**Work task:** Look through the data below and extract, unchanged, the lines from the one that contains "Niederlande, Amsterdam, beherbergt" to the one that contains "Le pont du port", both included.

_ _ _

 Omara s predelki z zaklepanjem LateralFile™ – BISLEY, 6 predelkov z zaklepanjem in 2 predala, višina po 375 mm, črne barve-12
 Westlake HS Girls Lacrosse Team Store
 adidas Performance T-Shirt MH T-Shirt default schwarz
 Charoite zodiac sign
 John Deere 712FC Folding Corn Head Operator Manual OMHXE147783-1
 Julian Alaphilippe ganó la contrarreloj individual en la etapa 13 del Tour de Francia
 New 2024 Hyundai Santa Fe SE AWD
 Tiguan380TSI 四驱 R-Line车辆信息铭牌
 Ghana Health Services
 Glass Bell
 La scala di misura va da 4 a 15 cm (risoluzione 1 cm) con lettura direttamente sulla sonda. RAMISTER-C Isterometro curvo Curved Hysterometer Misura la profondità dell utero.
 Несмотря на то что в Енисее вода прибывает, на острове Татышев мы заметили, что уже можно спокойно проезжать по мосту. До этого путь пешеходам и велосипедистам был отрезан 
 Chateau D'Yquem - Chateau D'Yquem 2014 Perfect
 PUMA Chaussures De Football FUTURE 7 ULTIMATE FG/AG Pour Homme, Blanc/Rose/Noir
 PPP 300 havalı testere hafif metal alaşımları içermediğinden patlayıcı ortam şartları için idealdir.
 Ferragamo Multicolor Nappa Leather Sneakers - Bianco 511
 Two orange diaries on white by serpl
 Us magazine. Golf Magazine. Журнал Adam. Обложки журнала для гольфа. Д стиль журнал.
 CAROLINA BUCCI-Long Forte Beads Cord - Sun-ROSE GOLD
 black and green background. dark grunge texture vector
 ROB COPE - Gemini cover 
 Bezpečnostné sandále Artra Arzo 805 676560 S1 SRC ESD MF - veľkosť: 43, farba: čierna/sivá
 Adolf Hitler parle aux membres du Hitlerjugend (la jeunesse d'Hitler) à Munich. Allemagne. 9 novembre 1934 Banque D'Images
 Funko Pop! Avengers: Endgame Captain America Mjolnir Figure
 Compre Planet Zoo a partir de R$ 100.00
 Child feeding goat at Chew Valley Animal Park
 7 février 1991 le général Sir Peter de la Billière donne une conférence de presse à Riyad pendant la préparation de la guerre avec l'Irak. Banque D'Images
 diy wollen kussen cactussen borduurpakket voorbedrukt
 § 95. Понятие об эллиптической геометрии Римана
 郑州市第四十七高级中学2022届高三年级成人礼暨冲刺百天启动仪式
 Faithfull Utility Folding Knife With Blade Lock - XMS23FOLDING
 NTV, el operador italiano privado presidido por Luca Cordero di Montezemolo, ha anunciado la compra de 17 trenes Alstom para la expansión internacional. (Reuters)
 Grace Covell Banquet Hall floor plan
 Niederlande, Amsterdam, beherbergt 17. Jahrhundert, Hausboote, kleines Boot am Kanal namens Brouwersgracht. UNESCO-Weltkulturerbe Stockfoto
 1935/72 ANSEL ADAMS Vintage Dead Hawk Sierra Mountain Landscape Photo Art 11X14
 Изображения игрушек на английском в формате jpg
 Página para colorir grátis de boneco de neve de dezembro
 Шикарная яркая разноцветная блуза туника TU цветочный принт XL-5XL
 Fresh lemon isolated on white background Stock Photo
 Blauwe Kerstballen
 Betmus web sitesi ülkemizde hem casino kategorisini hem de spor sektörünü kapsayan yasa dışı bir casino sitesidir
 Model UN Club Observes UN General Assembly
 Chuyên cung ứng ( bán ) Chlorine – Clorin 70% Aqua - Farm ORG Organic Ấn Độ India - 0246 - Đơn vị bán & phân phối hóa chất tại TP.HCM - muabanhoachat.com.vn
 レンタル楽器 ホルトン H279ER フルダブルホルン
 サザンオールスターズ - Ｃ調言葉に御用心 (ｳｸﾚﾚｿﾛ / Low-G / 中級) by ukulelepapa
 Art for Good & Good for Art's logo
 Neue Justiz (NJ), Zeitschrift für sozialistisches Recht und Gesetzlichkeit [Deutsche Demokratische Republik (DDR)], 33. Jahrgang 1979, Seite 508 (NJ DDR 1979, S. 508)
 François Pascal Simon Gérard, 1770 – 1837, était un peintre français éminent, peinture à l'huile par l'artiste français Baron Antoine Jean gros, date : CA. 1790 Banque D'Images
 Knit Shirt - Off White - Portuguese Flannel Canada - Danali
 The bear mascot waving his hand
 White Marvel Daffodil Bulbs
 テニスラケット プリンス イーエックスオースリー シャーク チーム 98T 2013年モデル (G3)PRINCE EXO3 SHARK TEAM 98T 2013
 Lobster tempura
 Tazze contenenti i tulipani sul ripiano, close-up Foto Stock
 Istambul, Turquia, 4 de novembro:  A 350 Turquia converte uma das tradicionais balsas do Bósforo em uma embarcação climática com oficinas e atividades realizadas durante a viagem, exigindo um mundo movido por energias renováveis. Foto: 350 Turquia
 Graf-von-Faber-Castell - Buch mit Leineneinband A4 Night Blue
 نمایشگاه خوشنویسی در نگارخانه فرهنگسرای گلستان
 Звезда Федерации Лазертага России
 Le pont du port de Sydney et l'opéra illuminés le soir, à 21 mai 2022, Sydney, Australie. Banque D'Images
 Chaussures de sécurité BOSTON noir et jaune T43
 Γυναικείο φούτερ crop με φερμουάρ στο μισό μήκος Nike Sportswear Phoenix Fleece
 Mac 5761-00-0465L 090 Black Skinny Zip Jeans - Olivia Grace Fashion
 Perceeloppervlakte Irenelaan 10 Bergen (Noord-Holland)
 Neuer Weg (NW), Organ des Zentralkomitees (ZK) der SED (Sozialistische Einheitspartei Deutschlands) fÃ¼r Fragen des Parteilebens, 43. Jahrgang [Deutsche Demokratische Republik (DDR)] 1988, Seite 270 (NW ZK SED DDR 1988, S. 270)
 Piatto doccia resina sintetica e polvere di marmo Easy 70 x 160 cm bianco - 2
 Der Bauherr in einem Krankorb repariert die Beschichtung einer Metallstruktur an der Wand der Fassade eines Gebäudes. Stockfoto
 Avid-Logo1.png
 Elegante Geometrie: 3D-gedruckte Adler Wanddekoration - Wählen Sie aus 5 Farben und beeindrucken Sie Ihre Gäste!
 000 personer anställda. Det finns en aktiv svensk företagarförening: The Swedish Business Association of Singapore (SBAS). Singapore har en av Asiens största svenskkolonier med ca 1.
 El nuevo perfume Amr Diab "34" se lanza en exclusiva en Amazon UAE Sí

_ _ _

**Task output:**
 Niederlande, Amsterdam, beherbergt 17. Jahrhundert, Hausboote, kleines Boot am Kanal namens Brouwersgracht. UNESCO-Weltkulturerbe Stockfoto
 1935/72 ANSEL ADAMS Vintage Dead Hawk Sierra Mountain Landscape Photo Art 11X14
 Изображения игрушек на английском в формате jpg
 Página para colorir grátis de boneco de neve de dezembro
 Шикарная яркая разноцветная блуза туника TU цветочный принт XL-5XL
 Fresh lemon isolated on white background Stock Photo
 Blauwe Kerstballen
 Betmus web sitesi ülkemizde hem casino kategorisini hem de spor sektörünü kapsayan yasa dışı bir casino sitesidir
 Model UN Club Observes UN General Assembly
 Chuyên cung ứng ( bán ) Chlorine – Clorin 70% Aqua - Farm ORG Organic Ấn Độ India - 0246 - Đơn vị bán & phân phối hóa chất tại TP.HCM - muabanhoachat.com.vn
 レンタル楽器 ホルトン H279ER フルダブルホルン
 サザンオールスターズ - Ｃ調言葉に御用心 (ｳｸﾚﾚｿﾛ / Low-G / 中級) by ukulelepapa
 Art for Good & Good for Art's logo
 Neue Justiz (NJ), Zeitschrift für sozialistisches Recht und Gesetzlichkeit [Deutsche Demokratische Republik (DDR)], 33. Jahrgang 1979, Seite 508 (NJ DDR 1979, S. 508)
 François Pascal Simon Gérard, 1770 – 1837, était un peintre français éminent, peinture à l'huile par l'artiste français Baron Antoine Jean gros, date : CA. 1790 Banque D'Images
 Knit Shirt - Off White - Portuguese Flannel Canada - Danali
 The bear mascot waving his hand
 White Marvel Daffodil Bulbs
 テニスラケット プリンス イーエックスオースリー シャーク チーム 98T 2013年モデル (G3)PRINCE EXO3 SHARK TEAM 98T 2013
 Lobster tempura
 Tazze contenenti i tulipani sul ripiano, close-up Foto Stock
 Istambul, Turquia, 4 de novembro:  A 350 Turquia converte uma das tradicionais balsas do Bósforo em uma embarcação climática com oficinas e atividades realizadas durante a viagem, exigindo um mundo movido por energias renováveis. Foto: 350 Turquia
 Graf-von-Faber-Castell - Buch mit Leineneinband A4 Night Blue
 نمایشگاه خوشنویسی در نگارخانه فرهنگسرای گلستان
 Звезда Федерации Лазертага России
 Le pont du port de Sydney et l'opéra illuminés le soir, à 21 mai 2022, Sydney, Australie. Banque D'Images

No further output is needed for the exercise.